Al-Jazeera, s’impose aujourd’hui, comme un formidable contre-pouvoir faisant trembler, par sa couverture, les pouvoirs arabes. «Il ne fait pas de doute qu’Al-Jazeera a été un acteur important dans la révolution tunisienne et dans les manifestations qui se produisent en Egypte», estime l’universitaire émirati Abdel Khaleq Abdallah, qui ajoute que les gouvernements arabes accusent Al-Jazeera de mobiliser la rue. Même le prestigieux New York Times rend hommage à la télévision arabe qui a marqué, par son traitement, l’information sur les chaînes de télévision, en déclarant qu’Al-Jazeera est devenue la voix qui unit les Arabes, en soulignant que le Monde arabe est témoin d’un moment historique où les gens se rapprochent et perdent confiance dans leurs gouvernements.Le journal a indiqué dans un rapport de son correspondant à Beyrouth, Anthony Shadid, que la force motrice au Moyen-Orient dans le passé a été La voix des Arabes, radio lancée par l’ancien président Gamal Abdel Nasser. Aujourd’hui, le réseau Al-Jazeera et le poète tunisien Abou al-Qasim al-Chabi, constituent, à eux seuls, la nouvelle force motrice du Monde arabe.
Après avoir coupé Internet pour barrer la route à facebook et Twitter, le gouvernement égyptien, a pas retenu la leçon des Tunisiens. Les sbires du Raïs ont coupé le signal Nilesat par lequel diffuse Al-Jazeera et procède à la fermeture des bureaux de la chaîne Qatarie au Caire. C’est ce qui s’appelle casser le thermomètre pour faire baisser la fièvre.

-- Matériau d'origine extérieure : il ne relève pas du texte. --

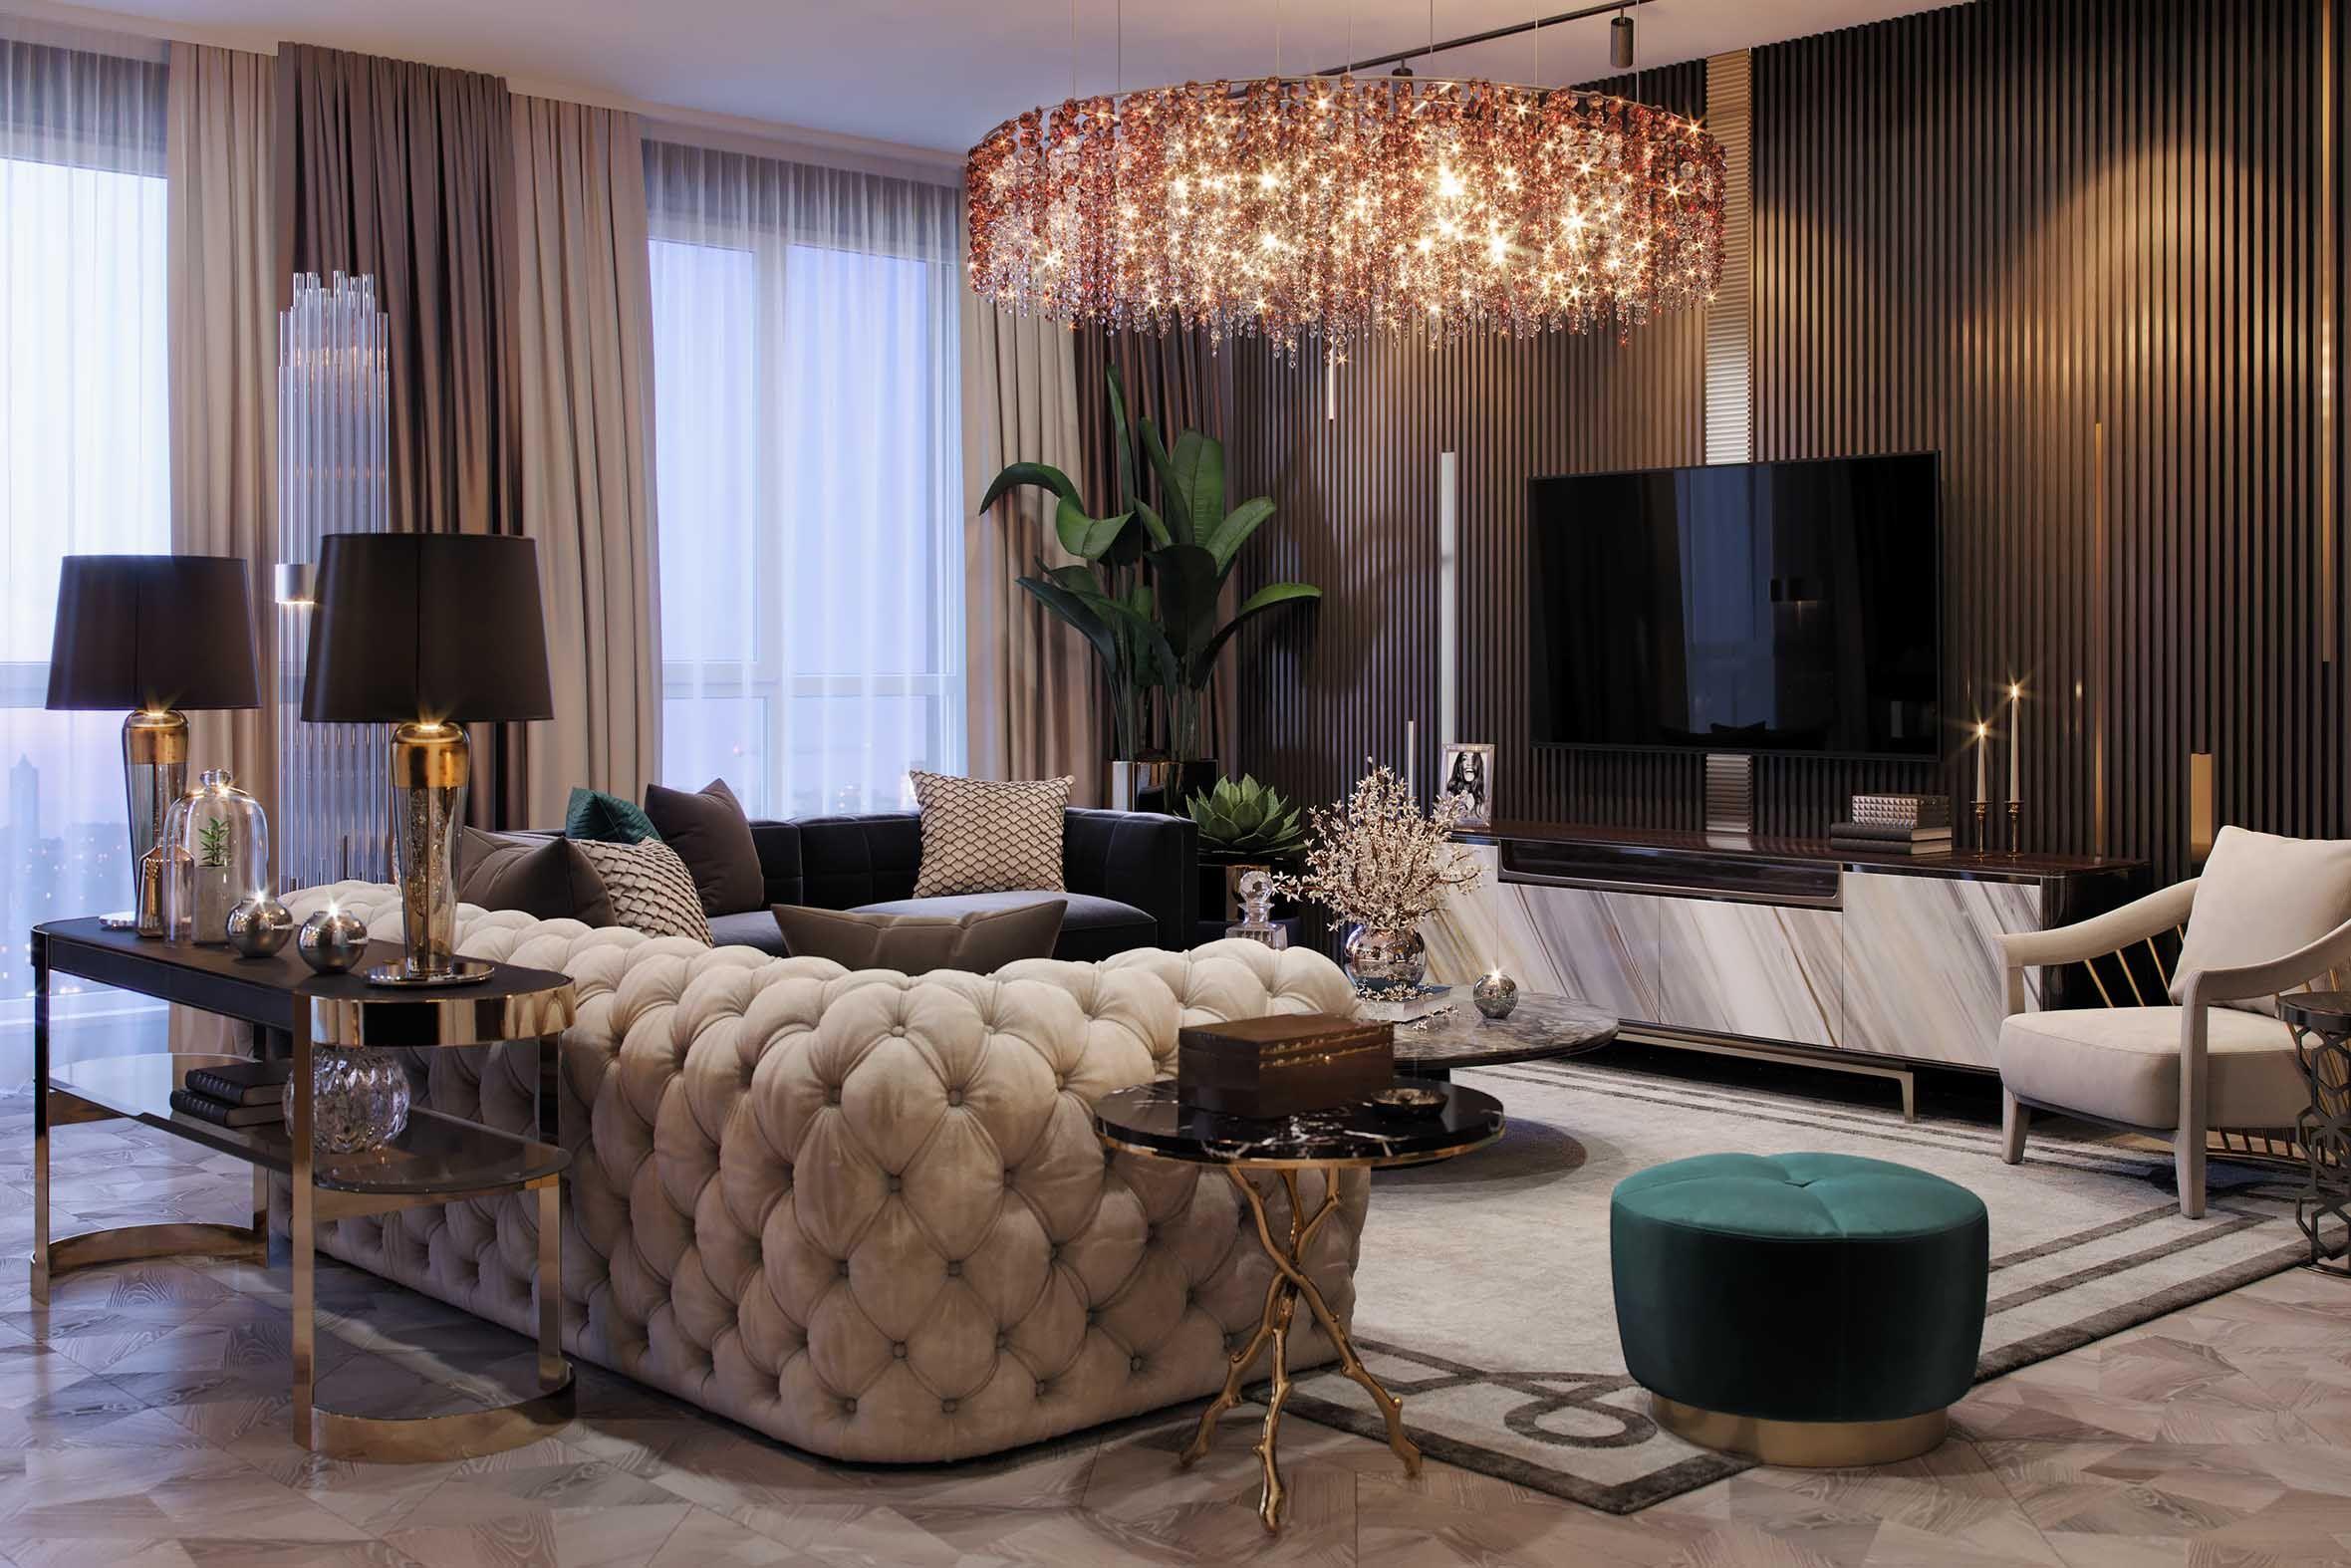 Luxury Modern Style Living Room Decor With Restoration Hardware Inspired Soho Living Room Decor Modern Modern Style Living Room Decor Modern Style Living Room

La réaction de la chaîne arabe au célèbre logo calligraphique ne s’est pas fait attendre, puisqu’elle a lancé une guerre médiatique contre le gouvernement égyptien. Des bandes annonces aux allures de guerre semblables à celles diffusées durant la guerre de Ghaza, sont diffusées sur tout le réseau de la chaîne Qatarie tout en condamnant cette décision et en affirmant qu’elle visait à «censurer et faire taire la voix du peuple égyptien». Les images de la répression et de la révolte des Egyptiens sont diffusées en boucle et une nouvelle guerre médiatique a bien commencé. Al-Jazeera poursuit sa mission d’information et diffuse pour environ 400 millions de téléspectateurs dans le monde. Habituellement, 40 millions regardent quotidiennement la chaîne, son audience s’est multipliée par dix depuis le début de la contestation en Tunisie puis en Egypte. En coupant le signal sur Nilesat, le gouvernement égyptien a commis une grande erreur stratégique, puisque Al-Jazeera, émet également sur d’autres satellites dont Arabsat, qui couvre la même région du monde arabe que Nilesat.
C’est le ministre égyptien sortant de l’Information Anas el-Fekki, connu pour avoir fermé des stations de télévisions proches des islamistes lors des élections locales, qui a ordonné dimanche matin l’interdiction d’Al-Jazeera, qui a largement couvert les manifestations anti-gouvernementales depuis quatre jours.
Outre une couverture exhaustive des protestations, la chaîne a diffusé samedi un appel de cheikh Youssef Al-Qardaoui, théologien qatari d’origine égyptienne et mentor des Frères musulmans, réclamant le départ du président égyptien Hosni Moubarak.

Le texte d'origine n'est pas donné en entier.